An example of an ERP system could involve a global manufacturing company with multiple warehouses in different countries. The ERP software connects the inventory data, production schedules, sales forecasts, and financial records in one place. For example, you can connect the system to bookkeeping software to streamline accounting methods.
When a production run is complete, the system automatically updates the data so that all inventory counts and supply and financial data reflect the latest activities.
Inventory management software
Inventory management software allows businesses to centralize inventory data, making it easier to track stock levels, manage replenishment, and ensure products are readily available when needed.
The programs typically include features such as barcode scanning, real-time inventory tracking, demand forecasting, and order management. Inventory management software is crucial in optimizing inventory turnover, reducing carrying costs, and preventing stock-outs or overstock situations across a network of warehouses.
Additionally, the software helps the retailer optimize inventory turnover, increase inventory visibility in real-time, and minimize storage costs by analyzing historical sales data and demand patterns.
Transportation management systems (TMS)
A transportation management system helps plan and execute transportation operations efficiently. It optimizes routes, reduces shipping costs, and ensures timely deliveries. It also integrates with inventory data, allowing companies to coordinate inventory levels with transportation needs.
A distribution company employs TMS to manage its fleet and deliver products from multiple warehouses to customers. The TMS system optimizes routes based on the real-time inventory levels at each warehouse, ensuring that trucks are dispatched to locations with the required items in stock.
Additionally, the TMS helps the company consolidate shipments, reducing shipping costs and environmental impact. By integrating transportation management with inventory data, the company minimizes logistical hiccups.

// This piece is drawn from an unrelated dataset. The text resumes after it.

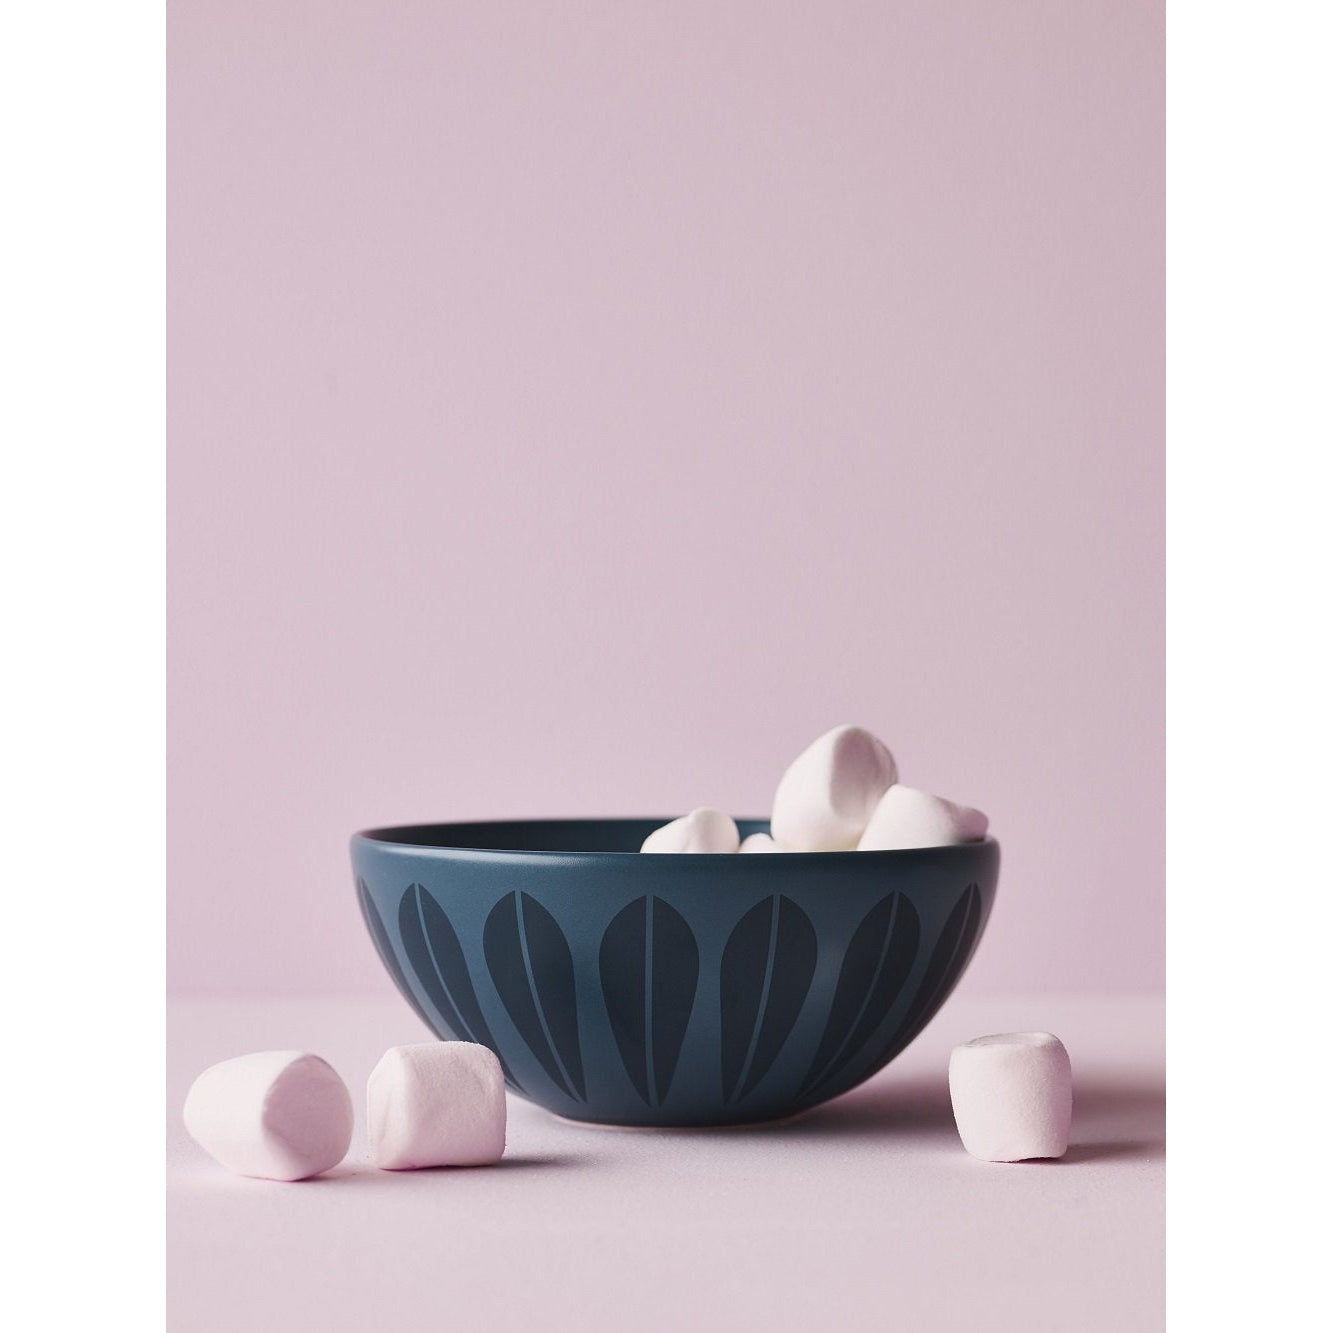 Lucie Kaas Arne Clausen Sugar Bowl, Mint
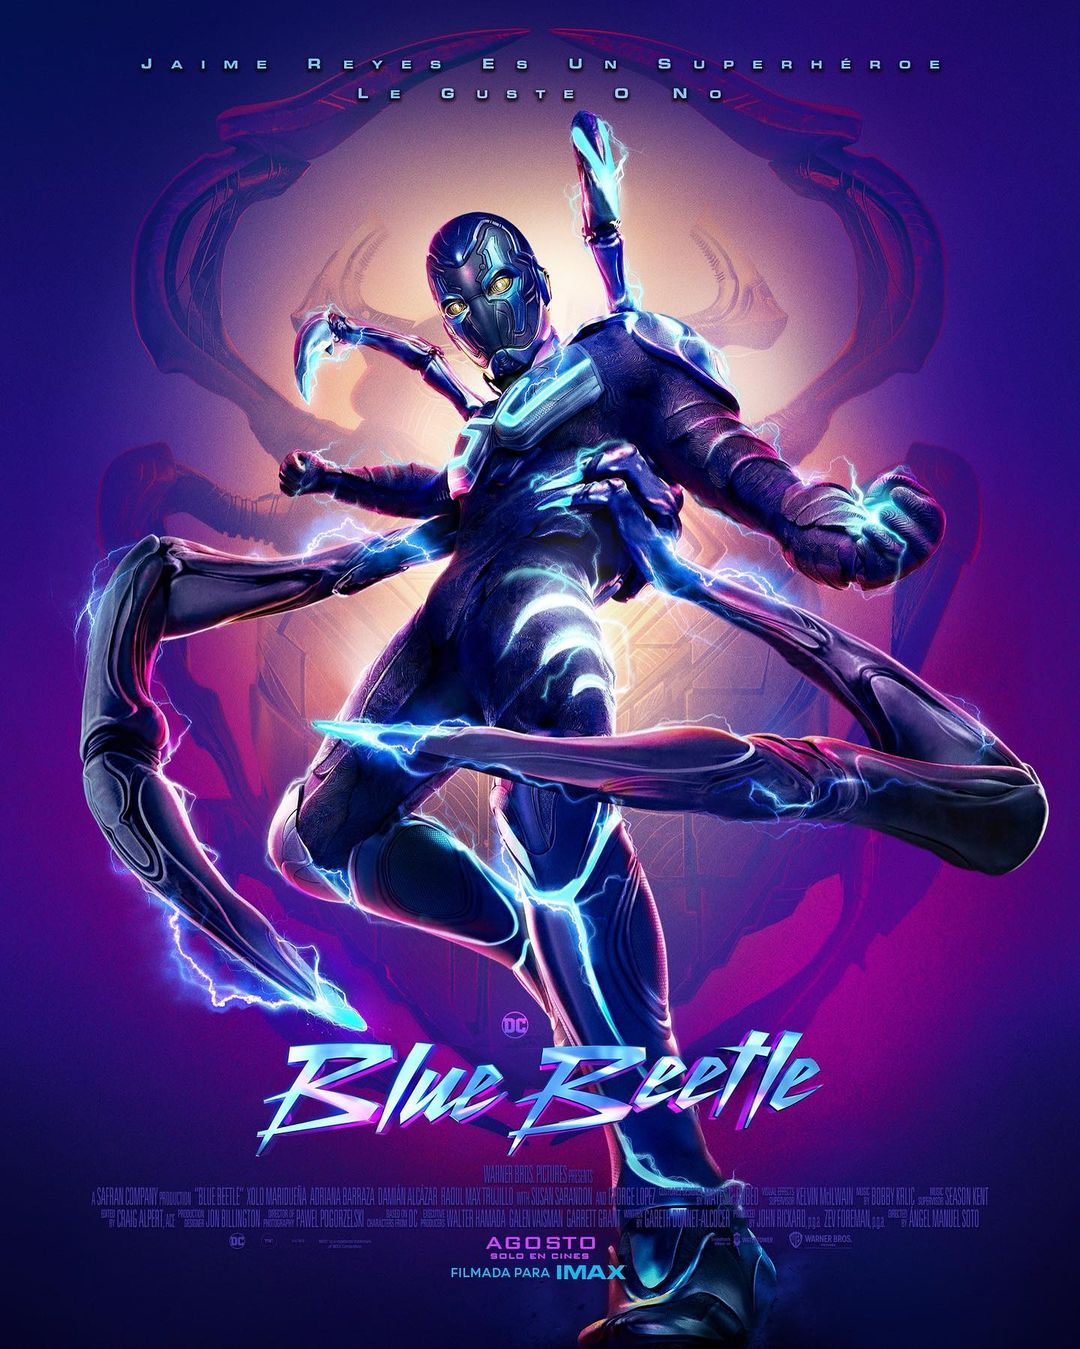 Blue beetle (2) movie by pelchel1000 on DeviantArt

Business intelligence and analytics tools
Business intelligence and analytics tools can take advantage of all the data from warehouse management software and platforms. Analysts can use this information to audit warehouse activities and find trends and patterns.
These insights can help the company see what it is doing well and where it can improve efficiency and cut costs.
Continuous improvement and innovation
Companies can look to improve their warehouse operations continuously. Analysis, input from employees, and reviews of warehouse performance can help companies find ways to make subtle improvements. These new best practices or software solutions can assist the warehouse team and lead to a more organized warehouse overall.Also, companies can bring new tools, software, and technologies to add efficiencies to their operations and automate certain time-consuming functions, lower labor costs, improve productivity, and provide real-time updates on inventory levels.
Frequently asked questions
Which companies have a multiple-warehouse setup?
Large ecommerce companies, product manufacturers and distributors, large retail brands, and import/export firms often have multiple warehouses.
What technologies automate warehouse functions?
Inventory management software, ERP platforms, RFID tags, and barcode scanners can automate inventory tracking. Meanwhile, robotic stock pickers, automated guided vehicles (AGVs), and autonomous conveyors can take over other functions in a warehouse setting.
How can companies find the best location for multiple warehouses?
The locations should minimize or expedite shipping times and costs. Most companies select warehouses near major markets, next to producers or suppliers, or in transportation hubs.